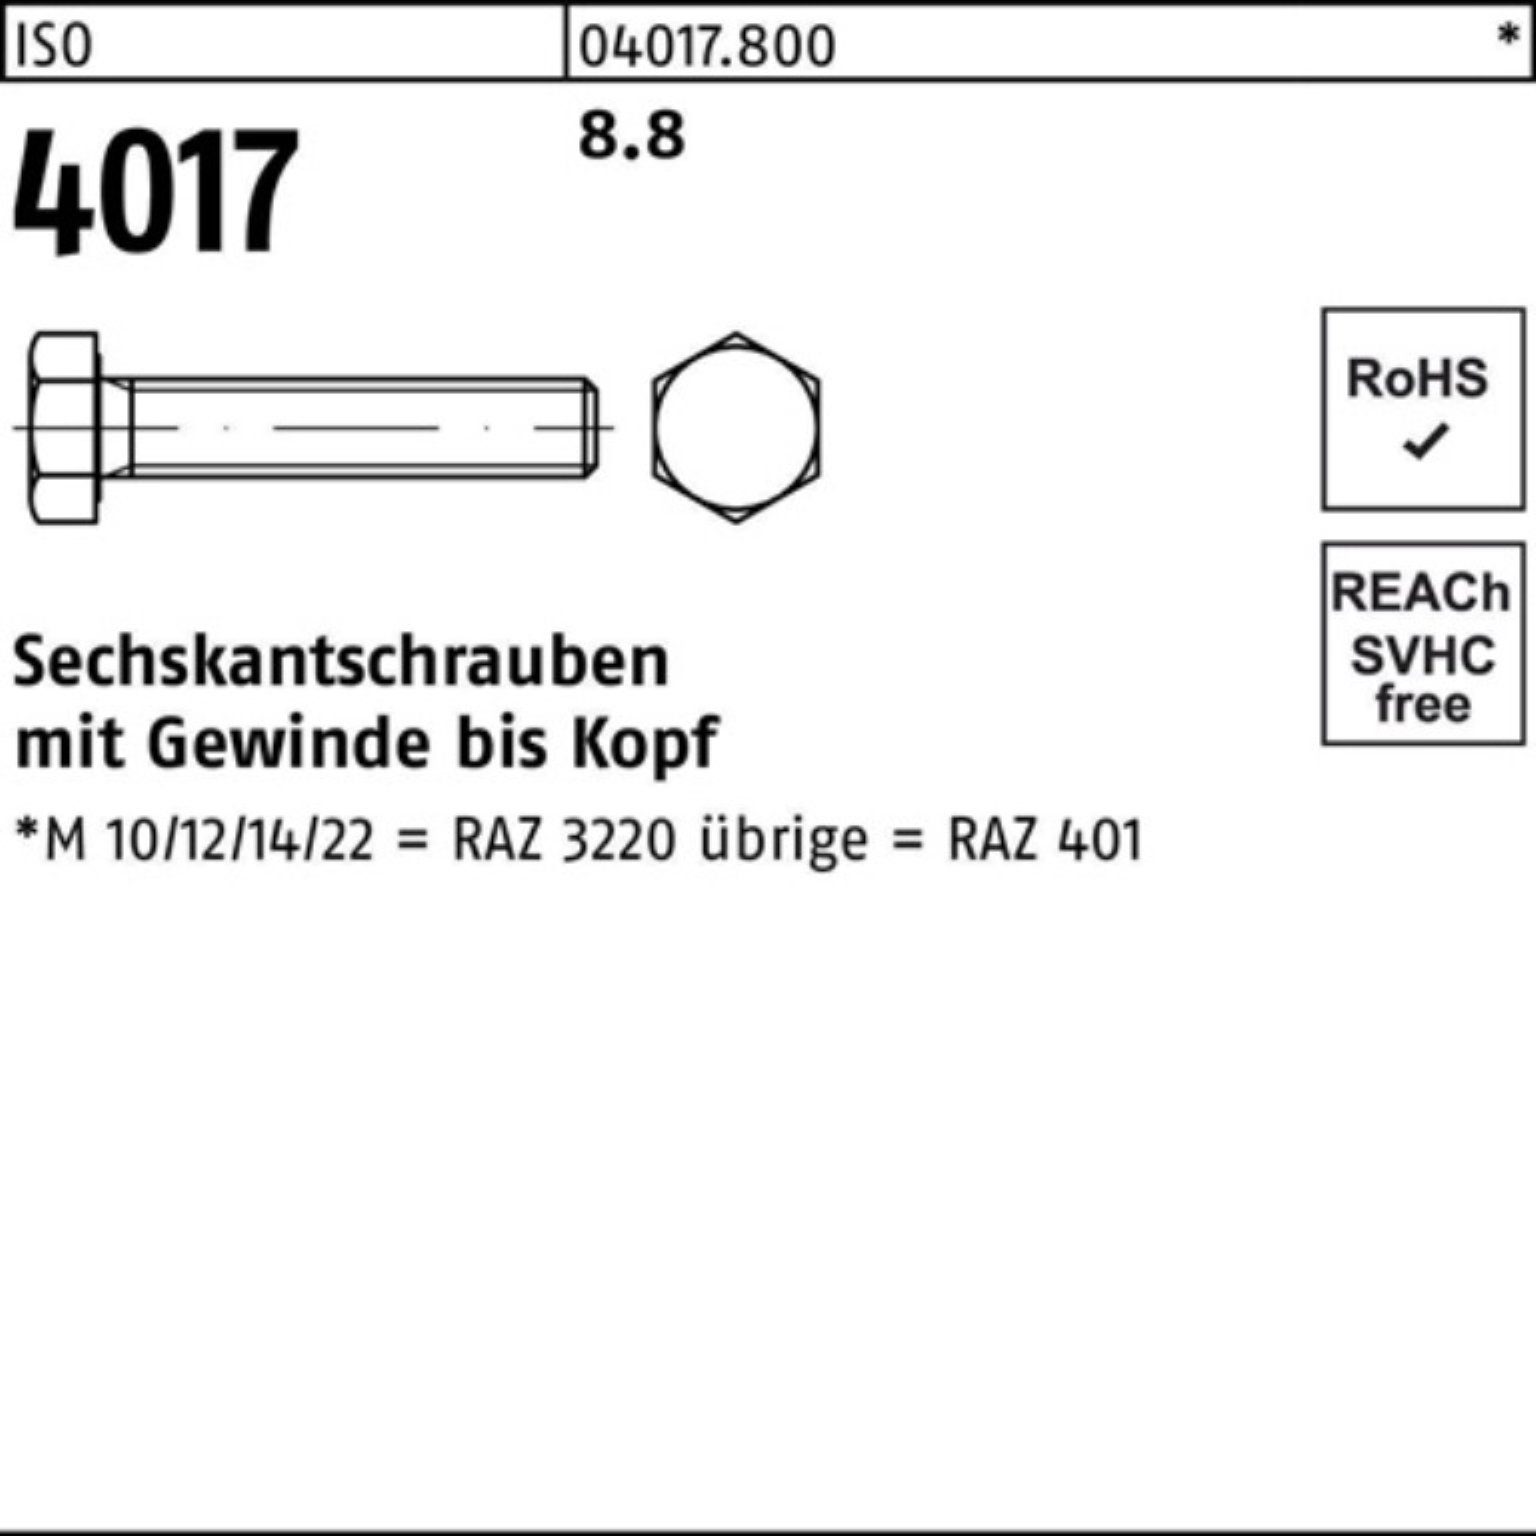 Sechskantschraube 30 VG ISO Sechskantschraube 500 Bufab 8.8 M7x 4017 500er ISO Stück Pack 401
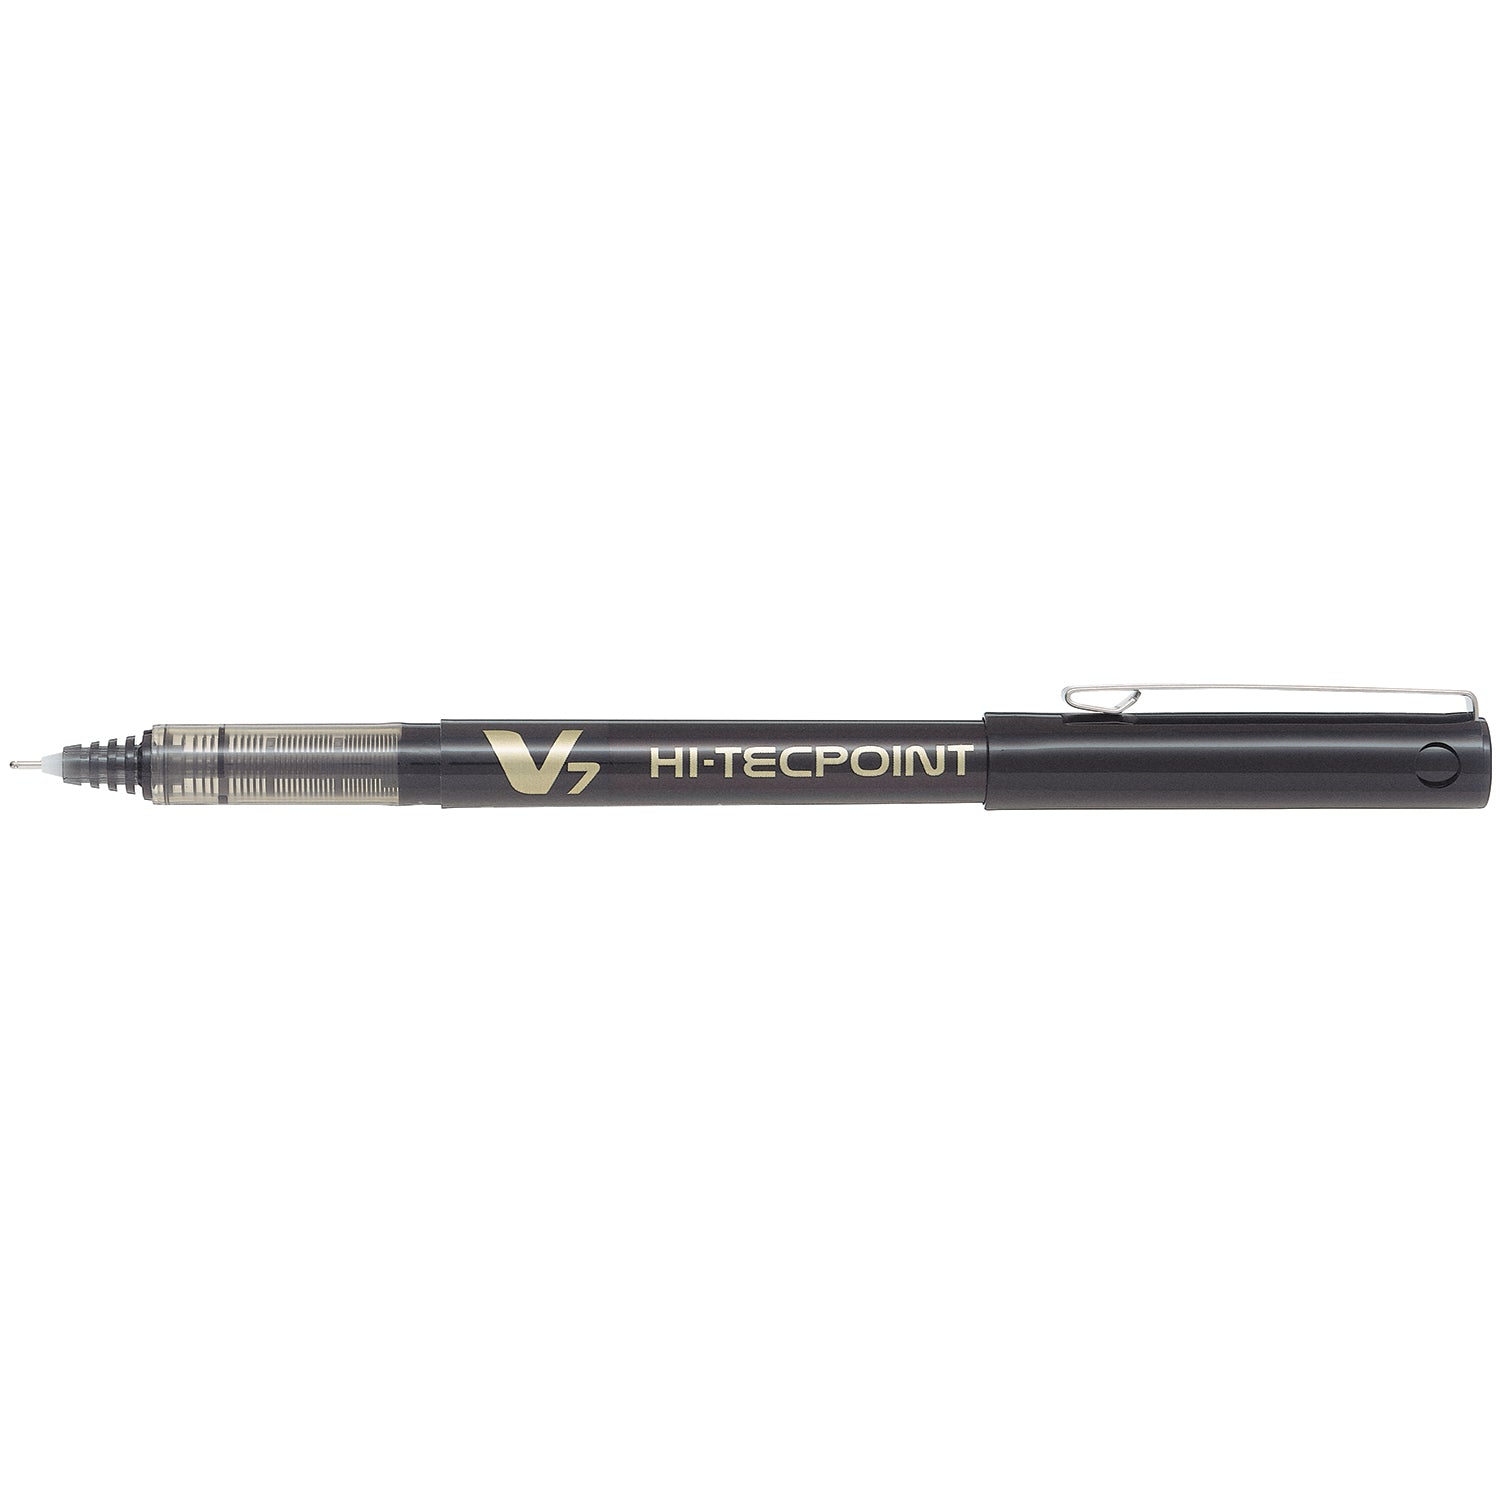 Pilot Pen Hi Tecpoint V7 Capped - Black
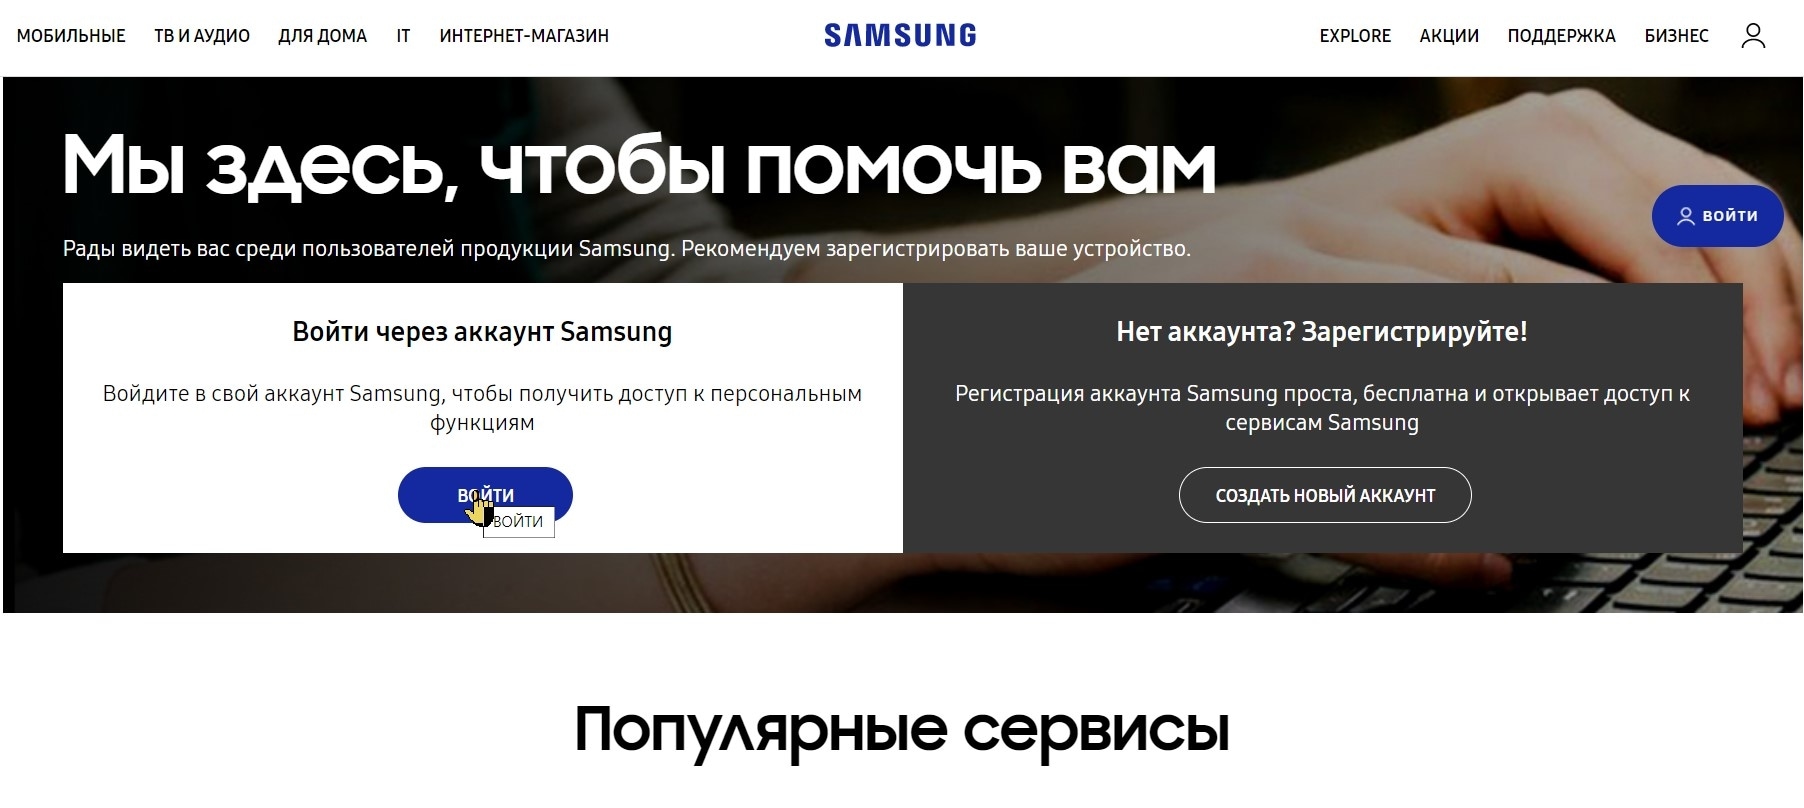 Проверить самсунг на официальном сайте. Выездной сервис Samsung. Samsung техподдержка. Служба поддержки самсунг номер телефона.
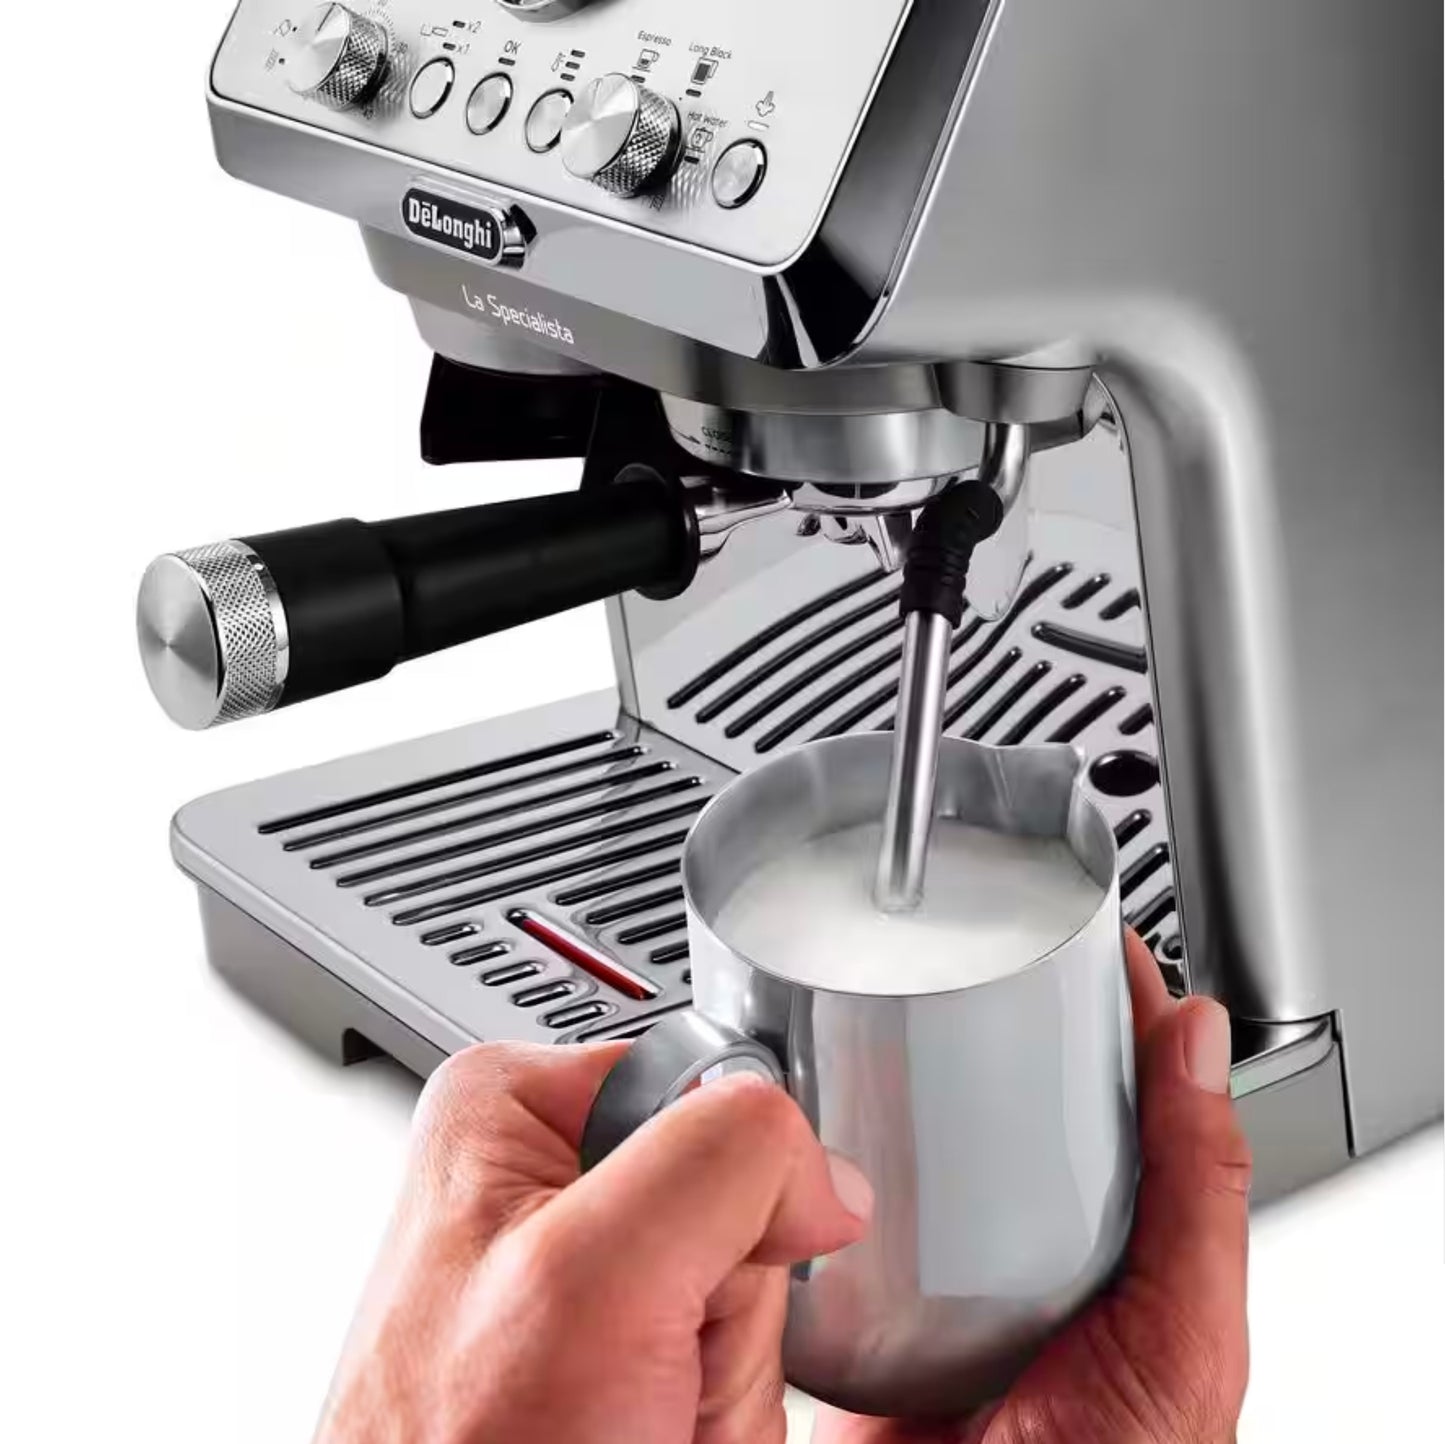 De'Longhi La Specialista Arte Evo Semi-Automatic Espresso Machine with Cold Brew (Metal) - EC9255M
....
▸ **Required work**
Every line of the data above is to be set down word for word, with the pictures left out.

▸ **Solution for this problem**
 Sechskantschraube 30 VG ISO Sechskantschraube 500 Bufab 8.8 M7x 4017 500er ISO Stück Pack 401
 Pilot Pen Hi Tecpoint V7 Capped - Black
 Проверить самсунг на официальном сайте. Выездной сервис Samsung. Samsung техподдержка. Служба поддержки самсунг номер телефона.
 De'Longhi La Specialista Arte Evo Semi-Automatic Espresso Machine with Cold Brew (Metal) - EC9255M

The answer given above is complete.